Millions of people give gifts on the day of this article’s publication.

Forget the millions of people, though. You know who’s really interesting?


The rest of this article is really short; however, you can only read it if you commit to take action–an action that will require under 1 minute of your time.

Do you promise? If so, click on the + sign to read the rest of the article. But remember, you promised! (If you don’t want to act, no worries. enjoy your day and come back for next week’s article.)

Cool, you decided to jump in. The rest is easy.

You’re important, and I’d like the opportunity to appreciate the value you and other readers create; your gift, as it were, to your clients, prospects and the world around you.

So, rather than an article, today I have a simple question for you:

What gifts (i.e., what big, valuable benefits) do you offer and contribute?

You have total permission to brag. In fact, I encourage you to type bold, lofty claims.

Your action (the one you promised):

Let me and other readers know your gifts by posting them in the comments below.

  1. Tom
    December 25, 2019 at 5:55 pm Reply

    I have been blessed with the trust of my clients. They trust me with quiet discernment to provide active listening, clarifying questions, an acknowledgement of tasks that are in my area of expertise or a suggestion of someone who might provide better assistance. I don’t need to be all things to all people. Just yesterday, a former client responded to a marketing inquiry. He noted that his firm is pursuing a project, internally, along the lines of my expertise. In my response I applauded the efforts and noted that with his leadership, he was additionally growing employee engagement. There are many other prospects that I can serve in early 2020. I will keep checking back with him to take “some gasoline to his roaring fire,” as needed. Some gifts can be delivered at mid-year, too.

    • David A. Fields
      December 25, 2019 at 8:24 pm Reply

      Discernment is, of course, one of the great gifts any consultant can possess and offer. That, plus the awareness and willingness to turn down projects that are not in our wheelhouse, are evidence you approach your clients Right-Side Up–with their best interests firmly in mind. That’s a great lesson for all of us, Tom, and I appreciate you sharing it.

  2. Kevin Wallace
    December 25, 2019 at 6:30 pm Reply

    I meet people who have dreams (ambitions) for their business and I help them realise them.

    • David A. Fields
      December 25, 2019 at 8:26 pm Reply

      Helping others achieve their goals is a noble purpose, Kevin. That’s at the heart of what we do in consulting and I appreciate you letting me and other readers know your vision.

  3. Nick
    December 25, 2019 at 7:44 pm Reply

    Launching a new practice in Jan 2020 based upon my 30+ years of starting and scaling companies.
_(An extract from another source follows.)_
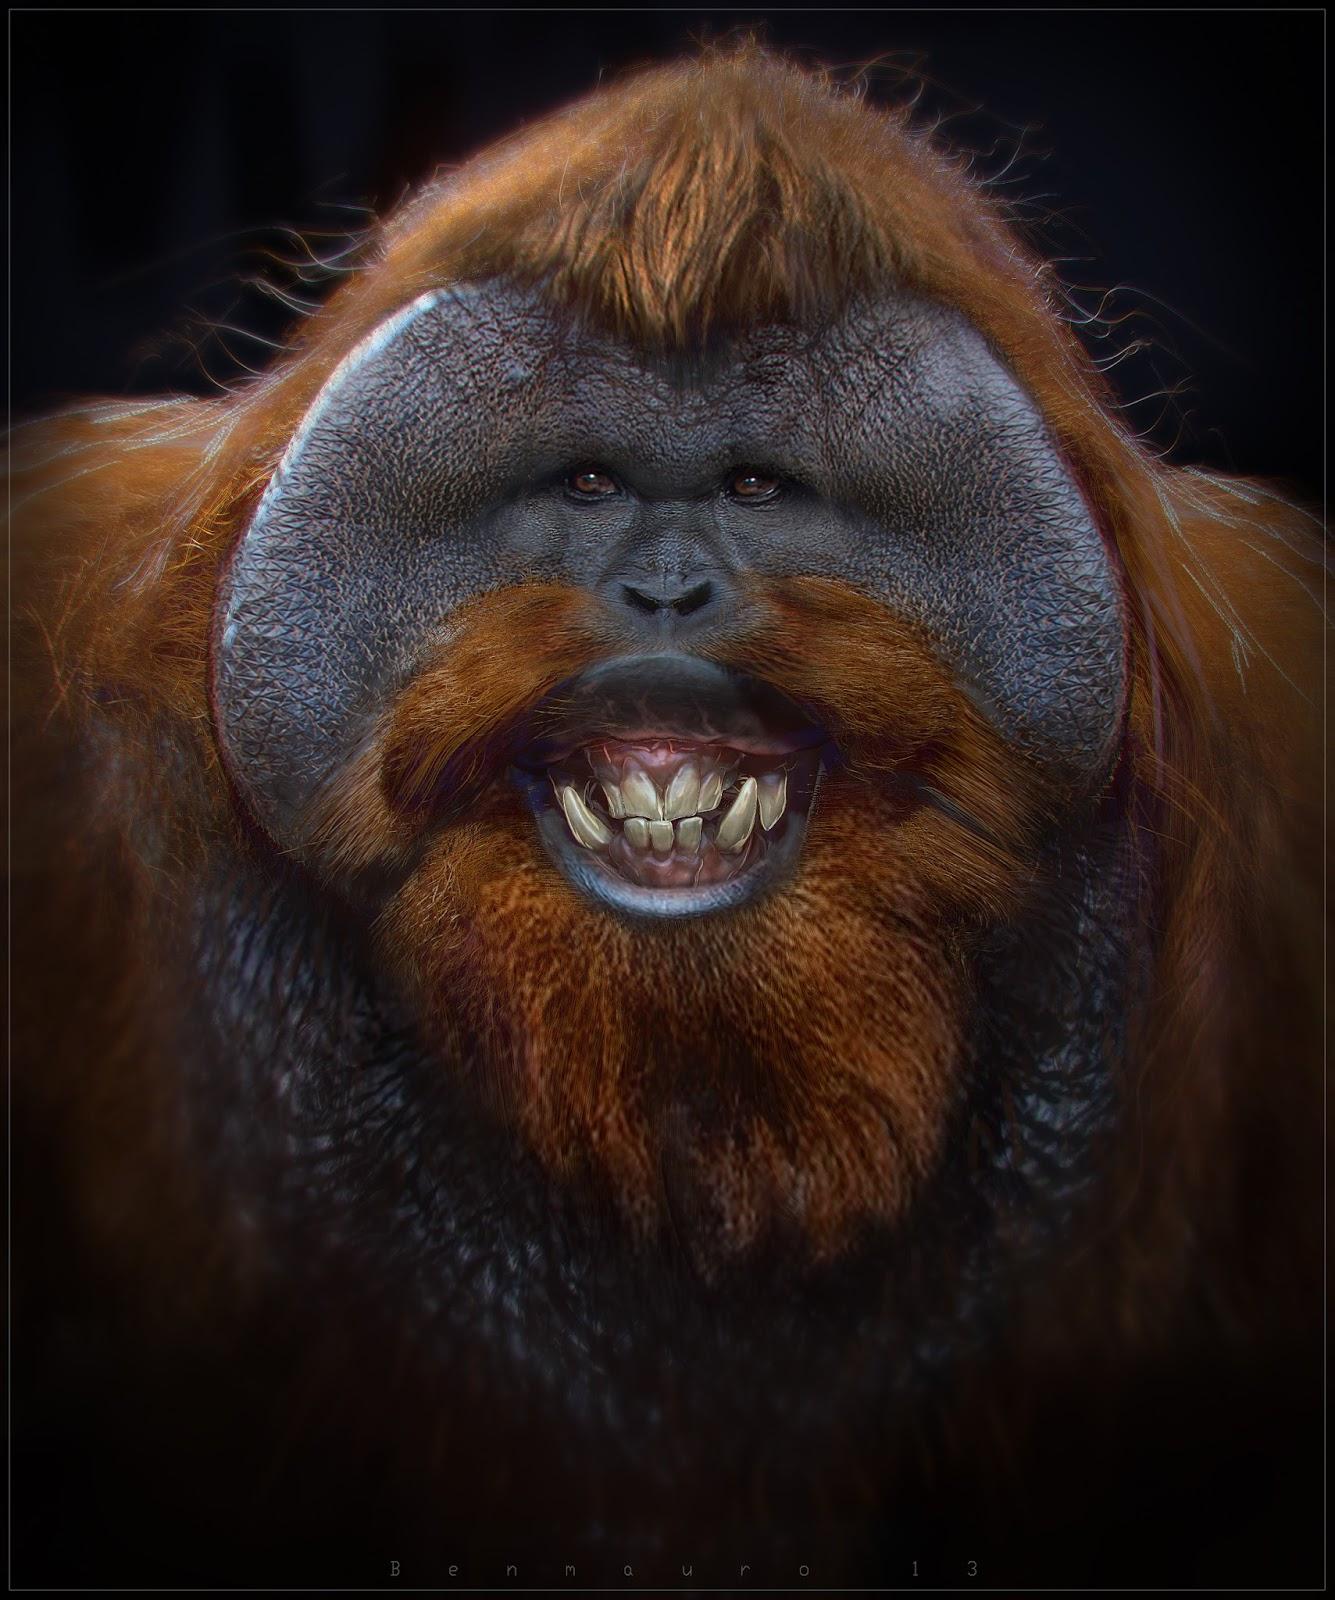 orangutan by benmauro on deviantart
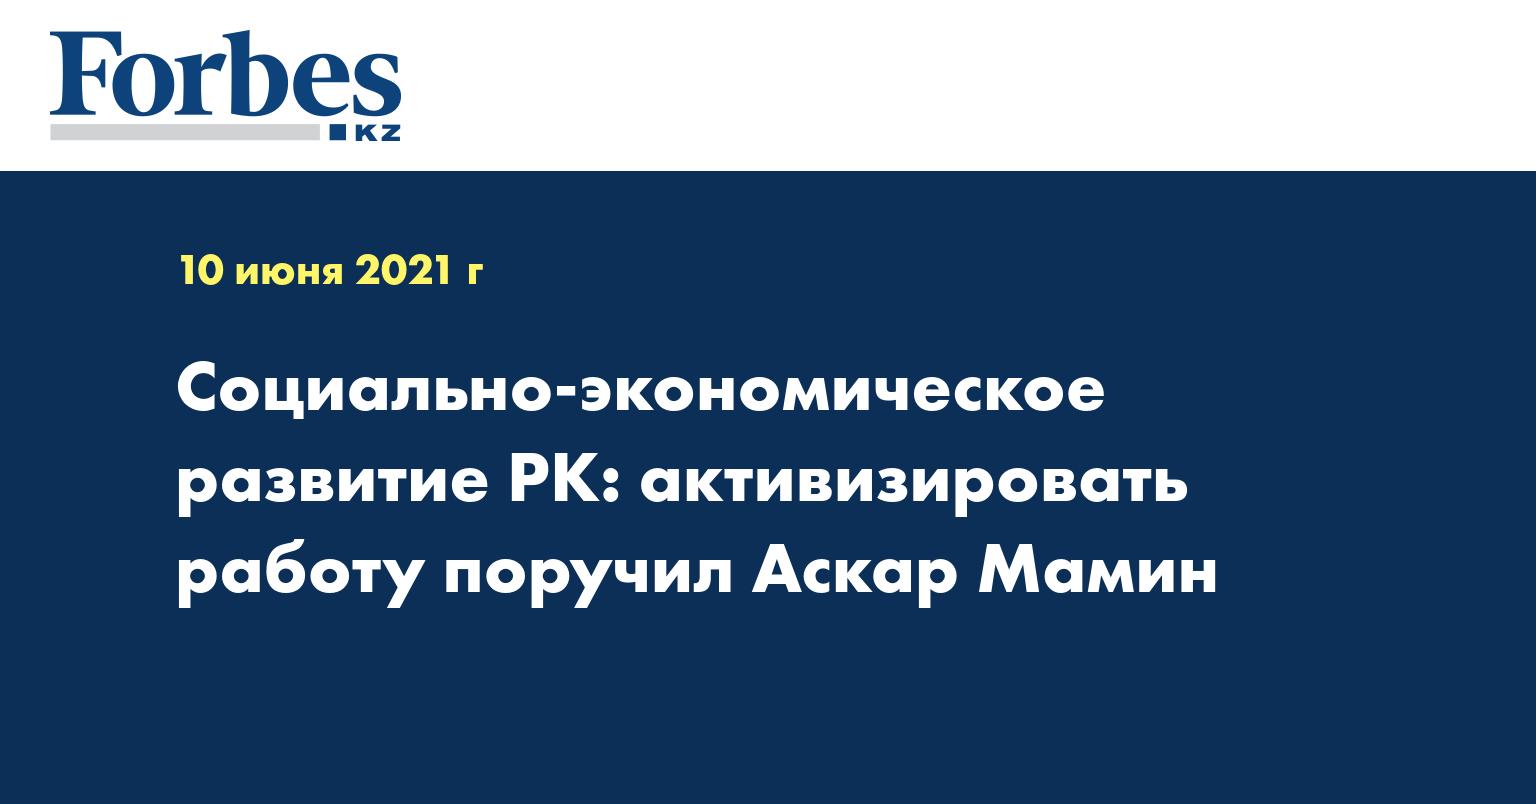 Социально-экономическое развитие РК: активизировать работу поручил Аскар Мамин

The program focuses on helping owners build successful profitable sustainable businesses that work without them! I see too many “owners” who leave a job only to create a new one for themselves often without realizing they are the bottleneck standing in the way of their success. Time to give back from life’s journey…

    • David A. Fields
      December 25, 2019 at 8:28 pm Reply

      Best of fortune with your new venture, Nick! Sharing three decades of experience, lessons and wisdom is a model of giving back. Kudos to you, and thanks for announcing your intentions to me and other readers.

  4. Mike Ryan
    December 26, 2019 at 8:52 am Reply

    The gift I give to my clients is in pointing out (in a constructive way) the “opportunities for improvement” (aka their “flaws”) that they might know are there, but don’t have a clear way to address.

    TL:DR Helping clients see and action their “blind spots”

    For example, I worked with a manufacturing client where 100% of the machine drawings sent to production were incomplete. *Everyone* knew how painful it was, but didn’t know how to resolve it. The VP actually saw it as a point of pride, that the employees could “figure it out”. I helped him see how much time was wasted in production vs. the small investment in time his team needed to complete the machine drawings.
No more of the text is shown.